[[ Data section open ]]

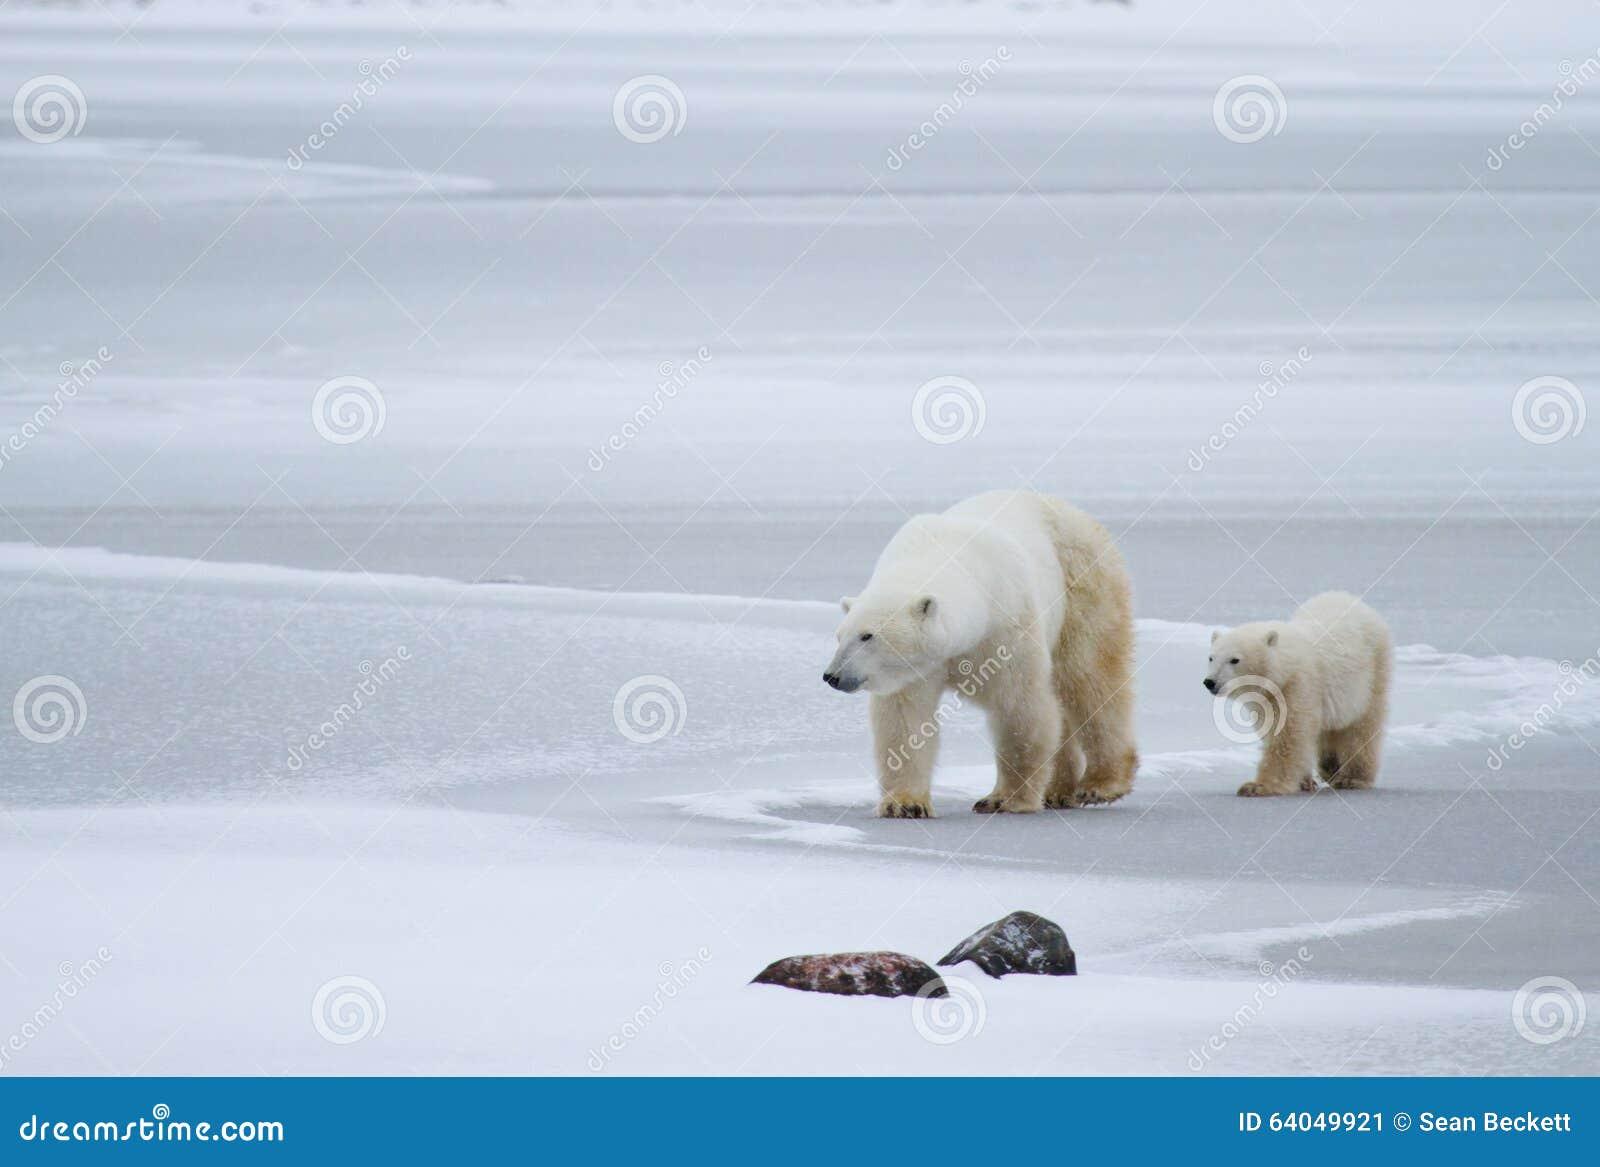 Polar Bear Mom And Cub On Ice Stock Photo - Image: 64049921
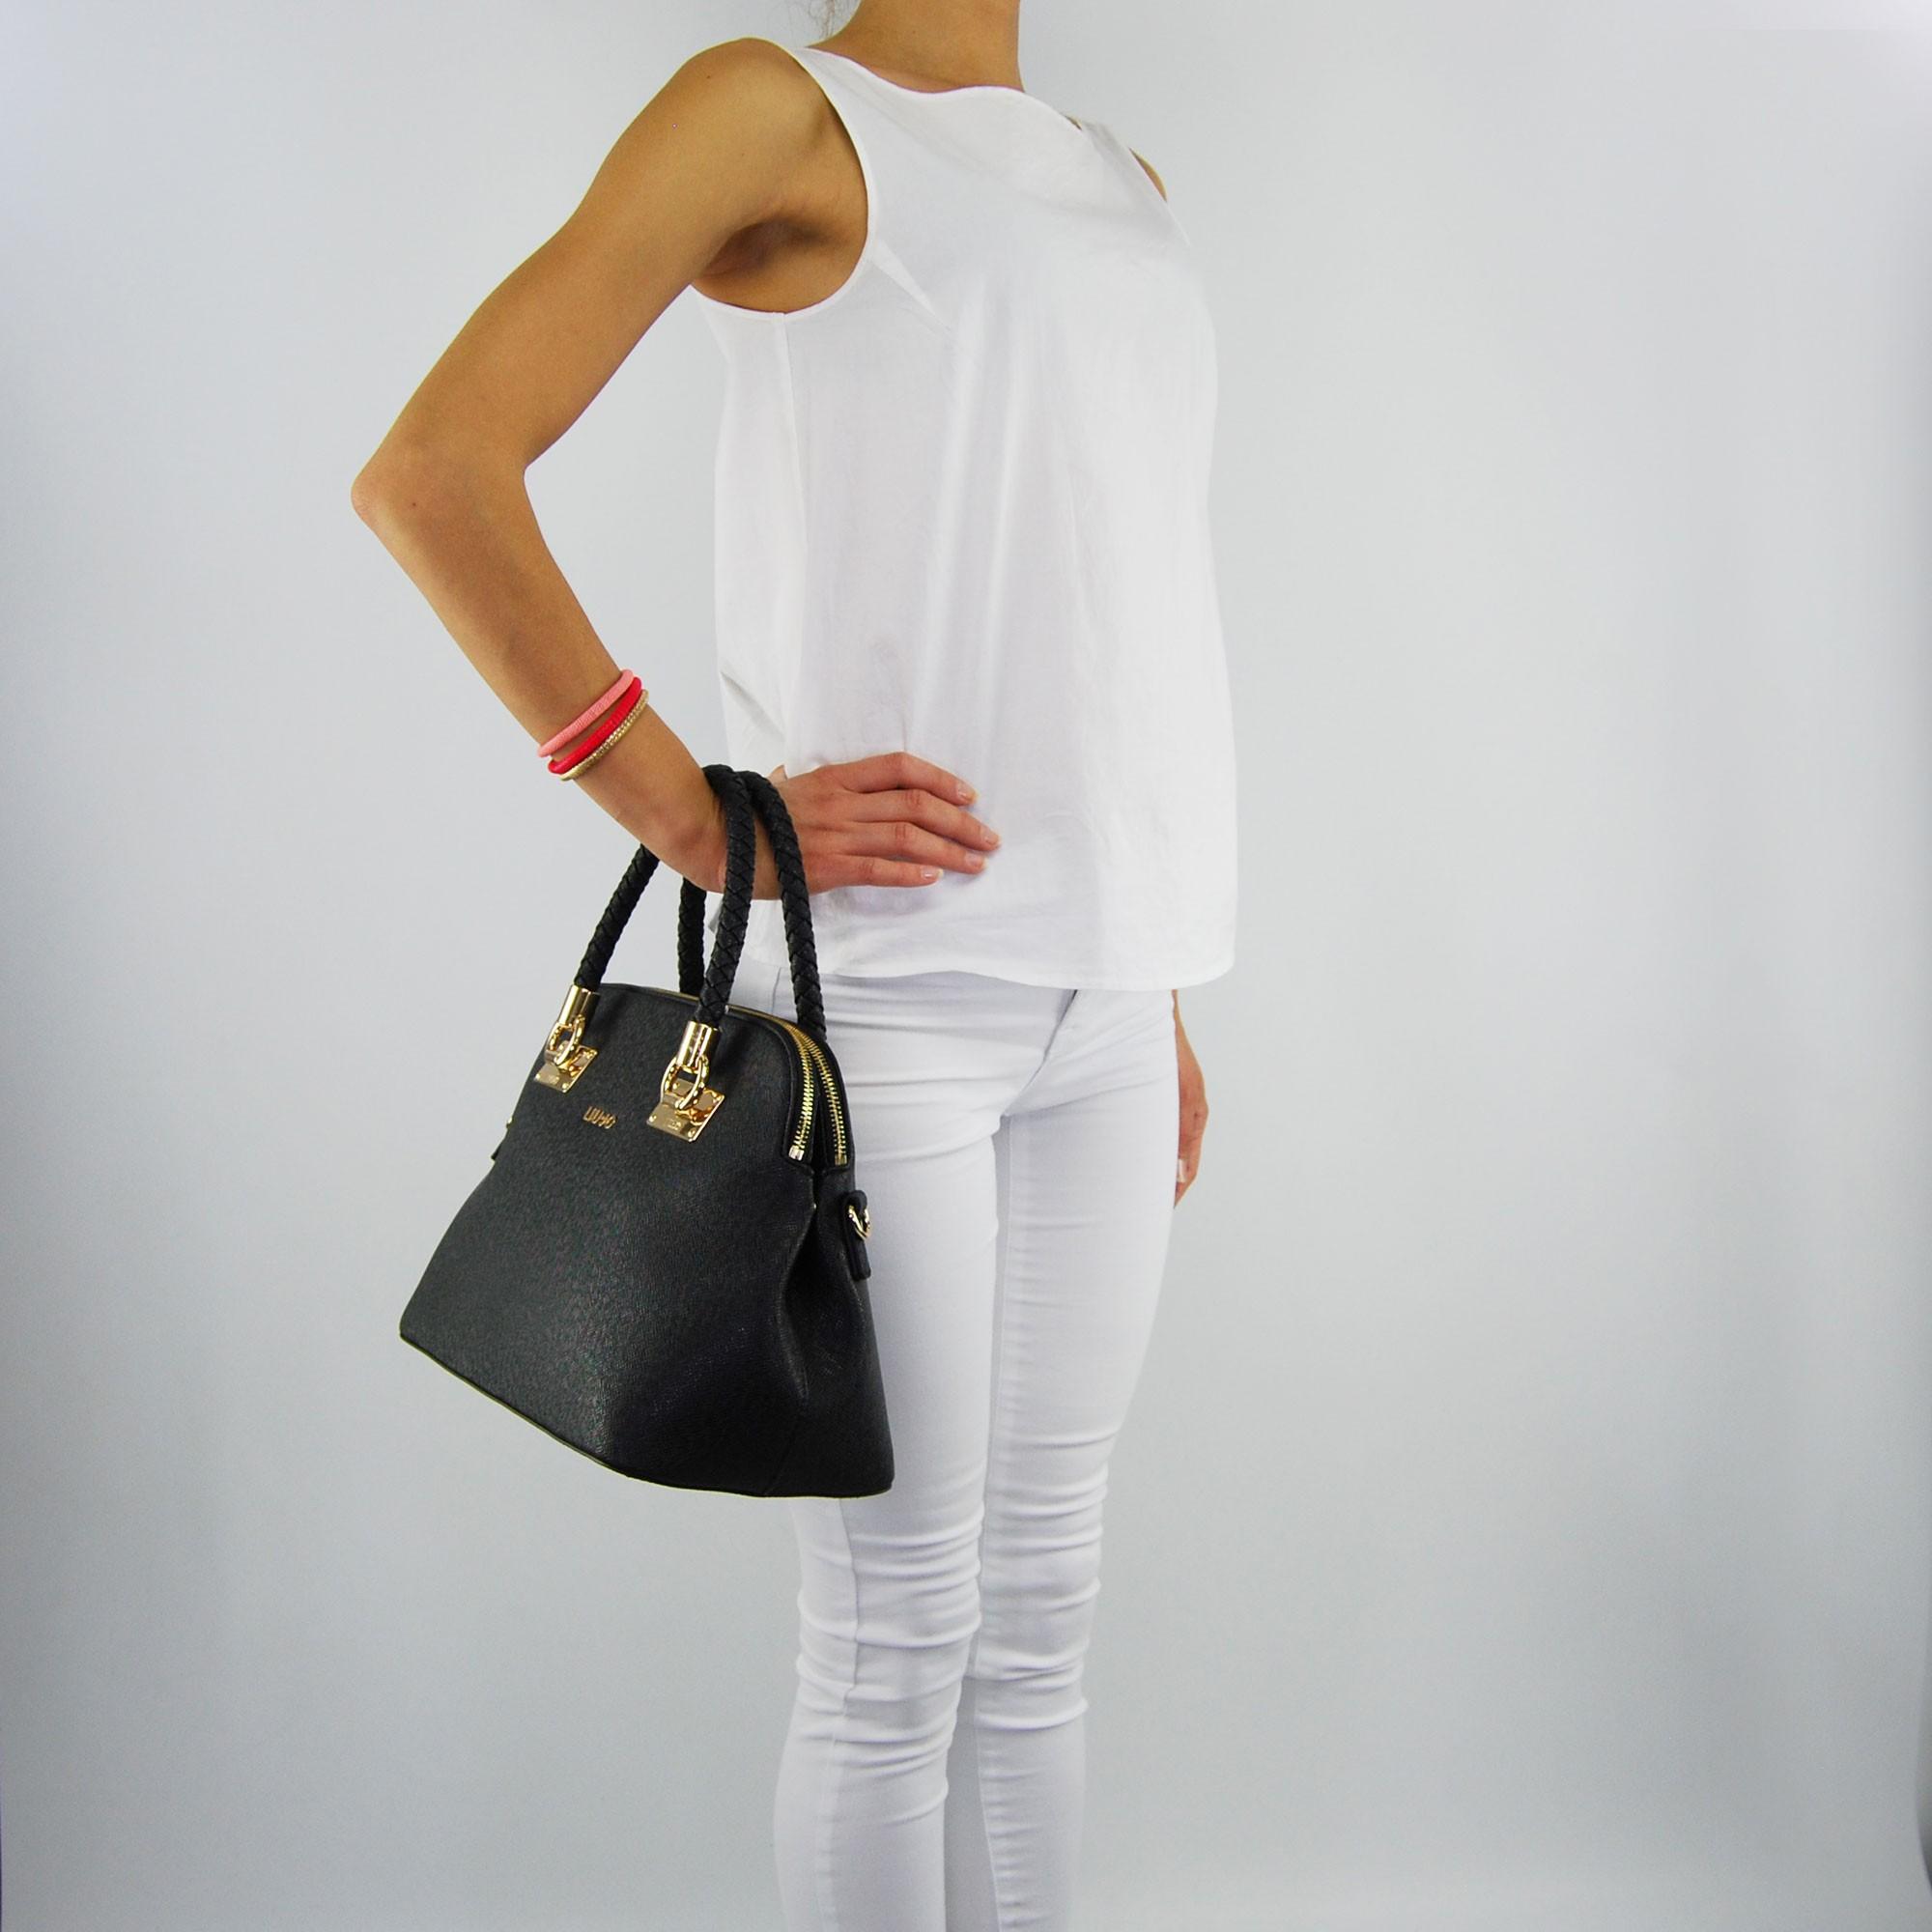 Shopping bag Liu Jo m anna two compartments black 9c701584597
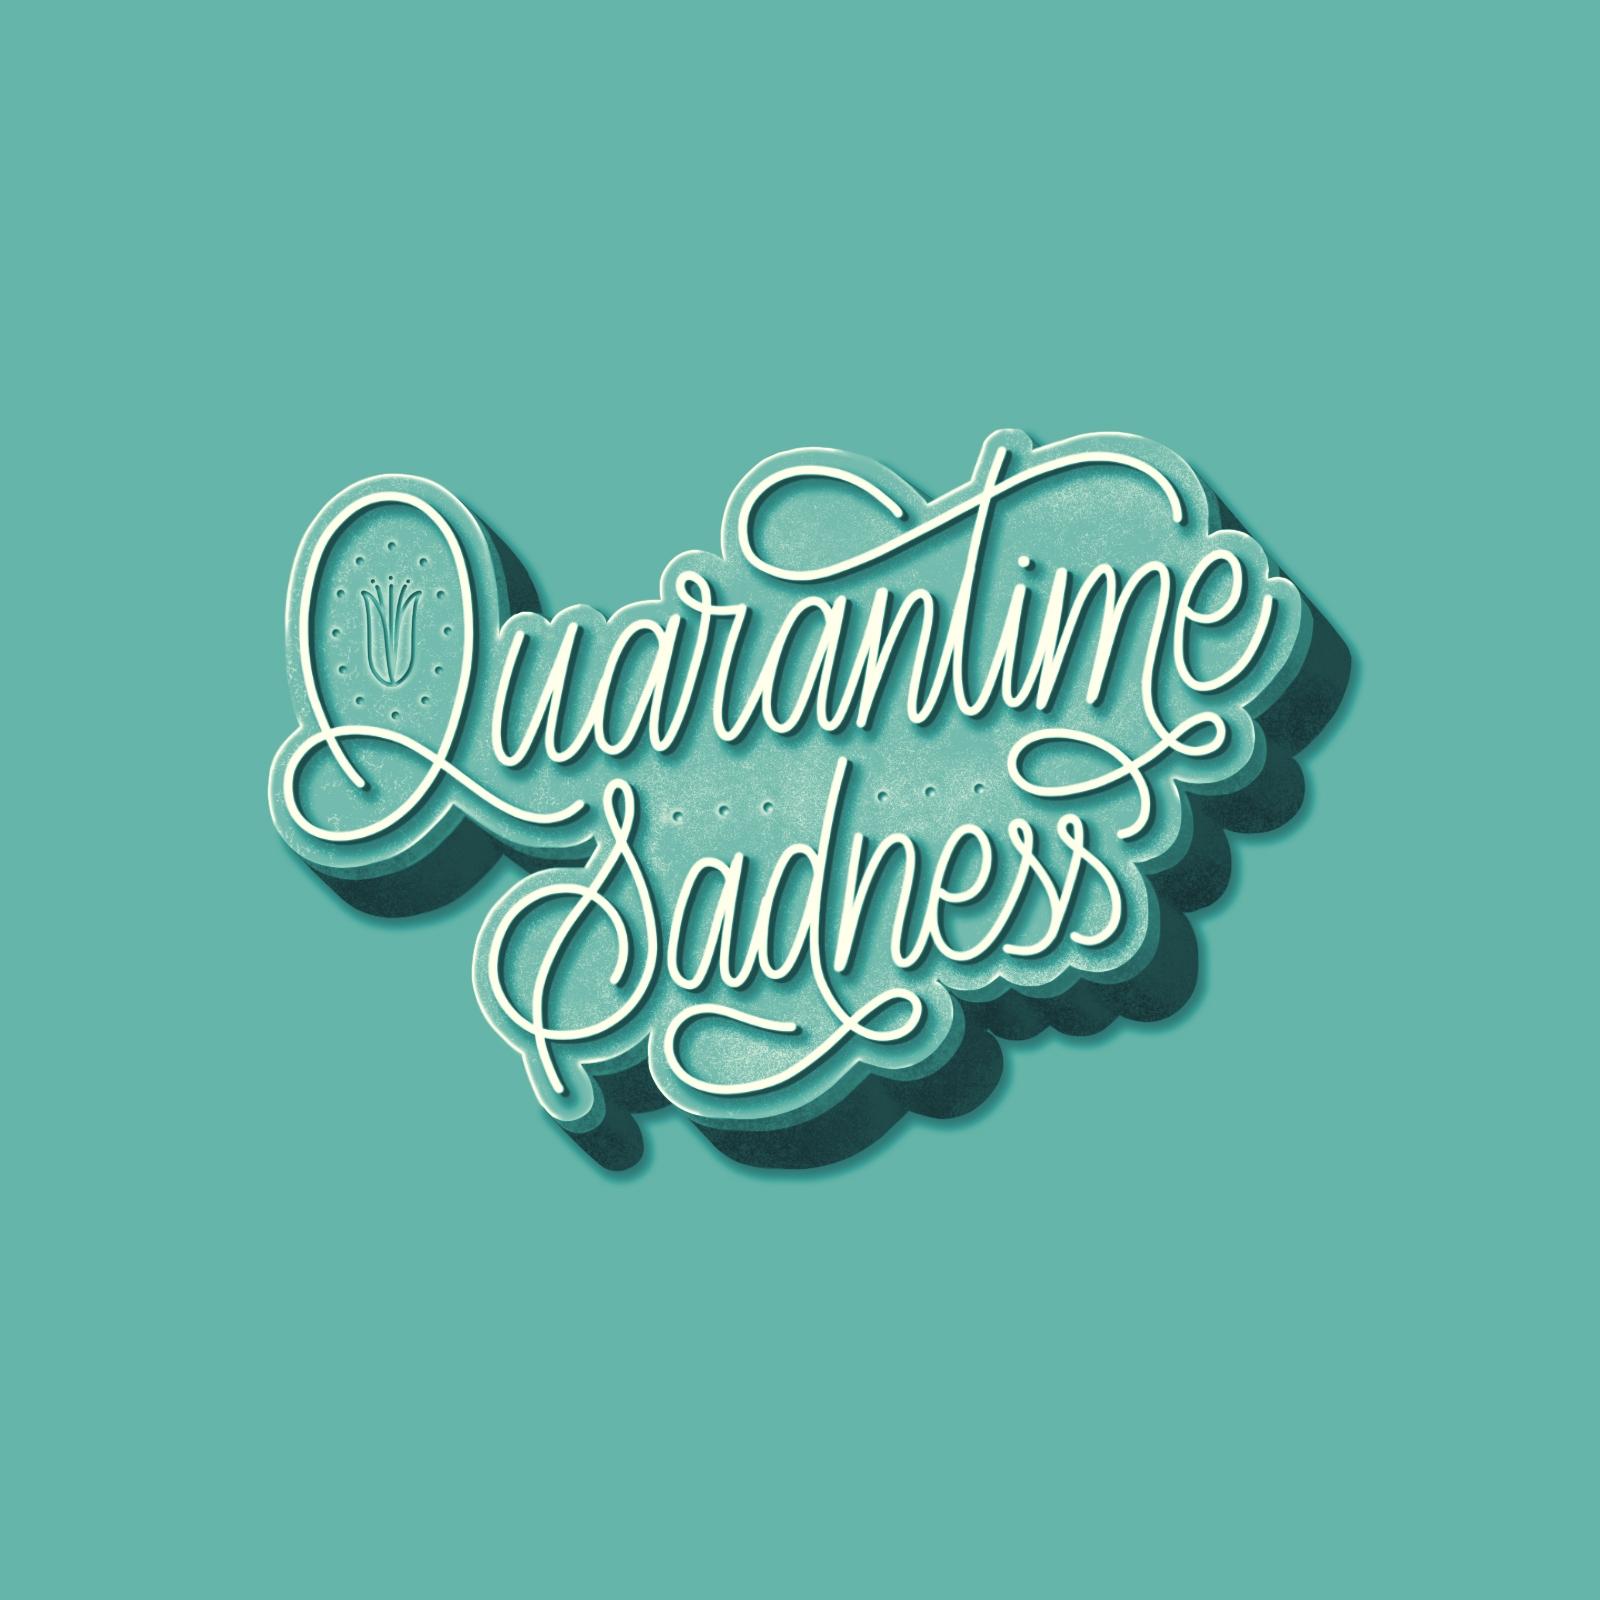 Quarantime Sadness - Julia Berezina

[[ Data section closed ]]

**Task instructions:**
Given the listing above, return exactly, and only, the lines from the line with "Shopping bag Liu" through its final line, both included, with the pictures removed.

**Response to the exercise:**
 Shopping bag Liu Jo m anna two compartments black 9c701584597
 Quarantime Sadness - Julia Berezina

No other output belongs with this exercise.